Wikipedia offline in jails[edit]

Main article: Wikipedia in jails

Since March 2013, prisoners in the prison Bellevue in Gorgier (western Switzerland) who request it can have access to Wikipedia offline, because Swiss prisoners have very restricted access to the Internet. The idea is to stimulate or to support the interest for education of prisoners who were, for a large majority, condemned to long-time sentences. After a three month pilot phase, the project was proven very successful. Among the 36 prisoners of the Bellevue’s prison in Gorgier, 18 possess or rent a computer. All of them requested the upload of Wikipedia offline on their PC.

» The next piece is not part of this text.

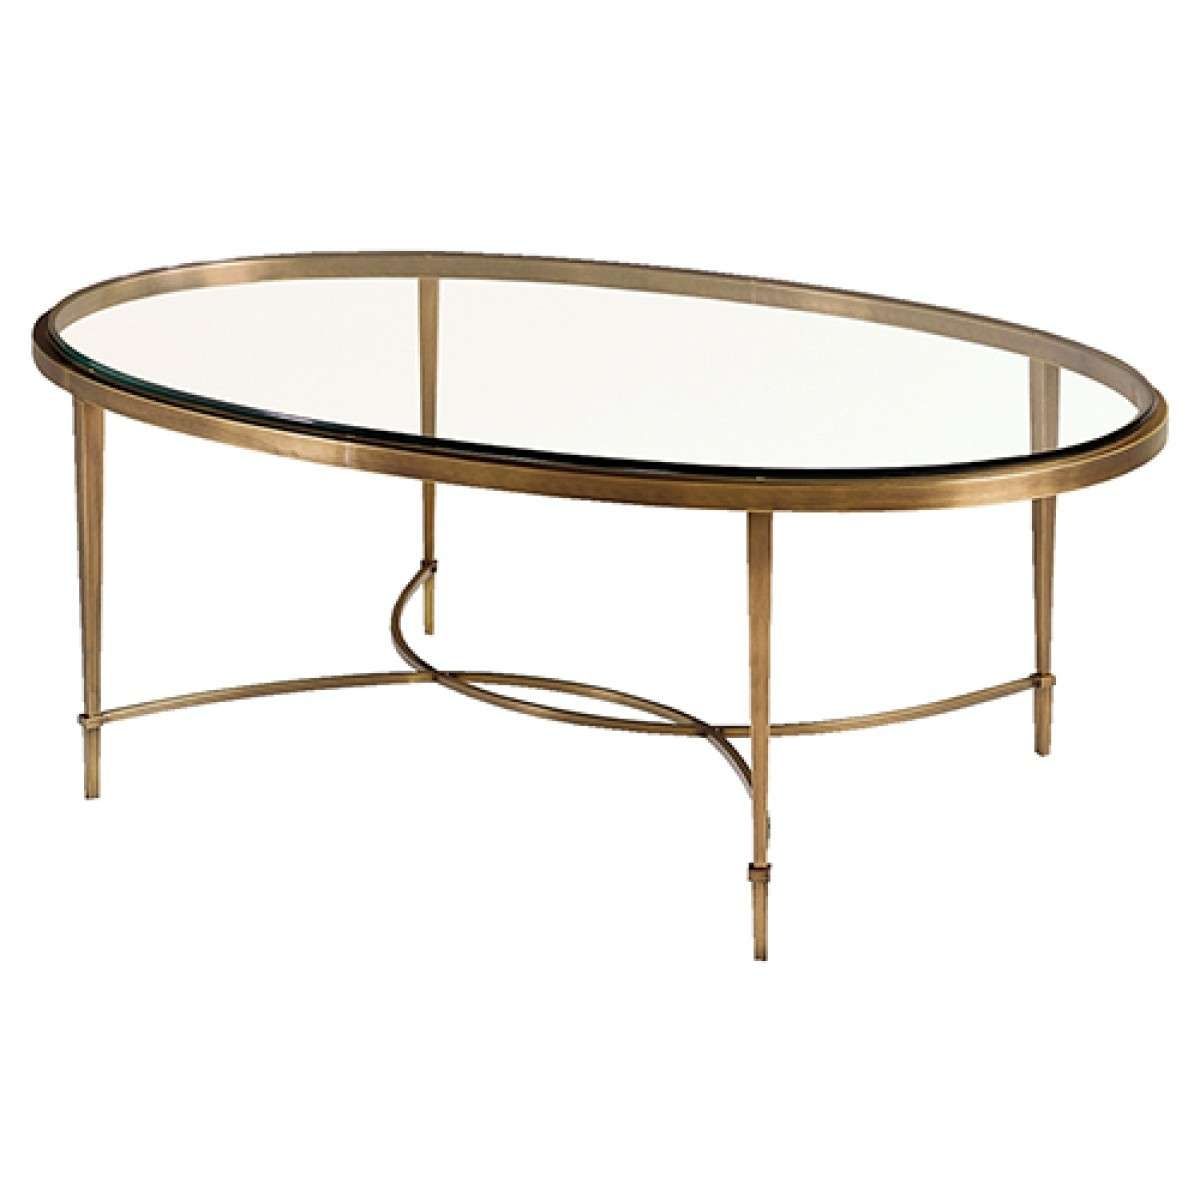 Most Popular Vintage Glass Coffee Tables Intended For Coffee Tables : Furniture Vintage Glass Top Coffee Table With (View 7 of 20)

The feedback is unanimously positive: it reveals that access to Wikipedia is seen as an improvement of education and/or information activities in jail.

The followup of the project aims to use Wikipedia in the training program of the prisoners. The use of Wikipedia in the classes, the organization of general culture contests, and even the training of new Wikipedia editors. The partnership between Wikimedia CH and the direction of the prison aims to be durable. Wikimedia CH installed the Kiwix files and trained the IT team of the prison, who can now upload the software for every new prisoner who requests. Detention Centers for minors are excluded from this program in Switzerland as they get access to the Internet and don't have the need to access Wikipedia offline.

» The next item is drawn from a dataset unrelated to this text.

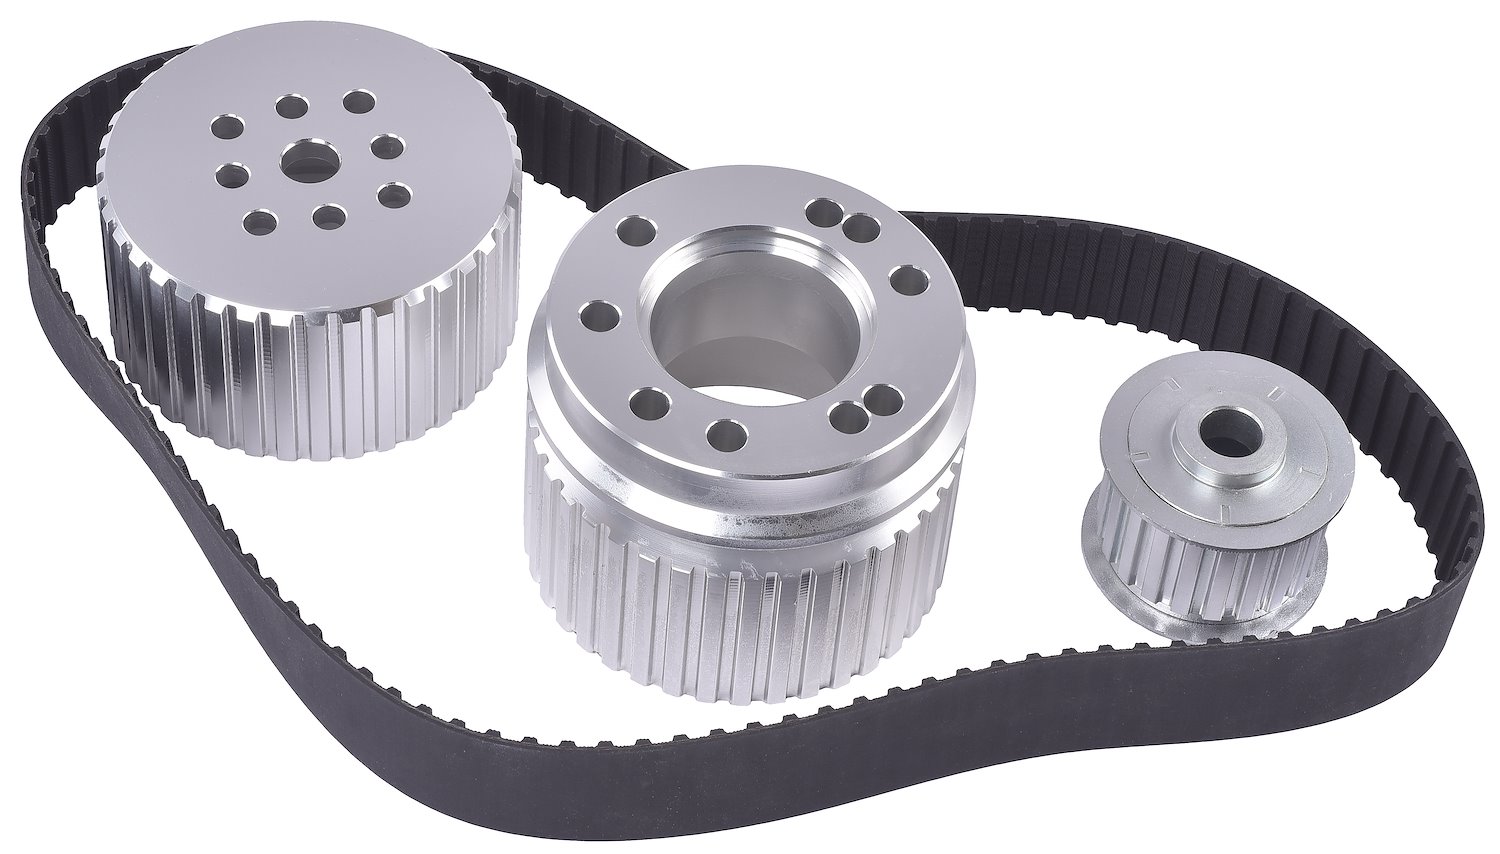 Gilmer Drive Pulley Kit for Big Block Chevy

In 2014, WMCH started to collaborate with the Swiss Insitute for Education in Detention Centers to expand the coverage of Wikipedia offline in prisons all over Switzerland. As of May 2014, all prisons in the German-speaking part of Switzerland have access to Wikipedia offline, thanks to the Swiss Institute for Education in Detention Centers.

Canada, Germany, the US, France, Belgium and Italy (jail in Pavia, where a Kiwix server runs in a dedicated computer room, led by http://www.informaticisenzafrontiere.org) also have similar projects in prisons that involve Wikipedia offline.

Wikipedia for Schools[edit]

"At SOS Children, we wanted to bring this fantastic resource to children without internet access around the globe. So we began work on an ambitious project to get the very best content from Wikipedia into a self-contained selection which could be distributed on a CD. We checked every article for child friendliness and structured the content around the national curriculum. Today, Wikipedia for Schools is in its fourth incarnation, and the new version is ready to go - this time on USB. At EduWiki 2013, we will show you how the project has benefited students and teachers here in the UK, and in countries across the developing world. With the help of others, we have distributed copies globally, and we have had an amazing response from the people who count. In the UK, Wikipedia for Schools has been a great classroom companion for students and teachers alike.” [2]

Mesh Sayada[edit]

Mesh Sayada[3] is a collaboratively designed and built wireless network. The town of Sayada is located in Tunisia. The network serves as a platform for locally-hosted content, such as Wikipedia Offline in Arabic and French thanks to Kiwix software, free ebooks and Open Street Maps. The Mesh is serviced and maintained by a local NGO, CLibre[4] with the help of local volunteers.

User Feedback[edit]

  • "Very important and helpful source of information" (User from Bahrain)
  • "Thank you for your help! Now my school can use Wikipedia offline."' (User from Mexico)
  • "I like to browse my favourite encyclopedia even when there is no network" (User from Yemen)
  • "I have no internet in my house. Kiwix is such a help, because I need Wikipedia for my study."' (User from Cuba)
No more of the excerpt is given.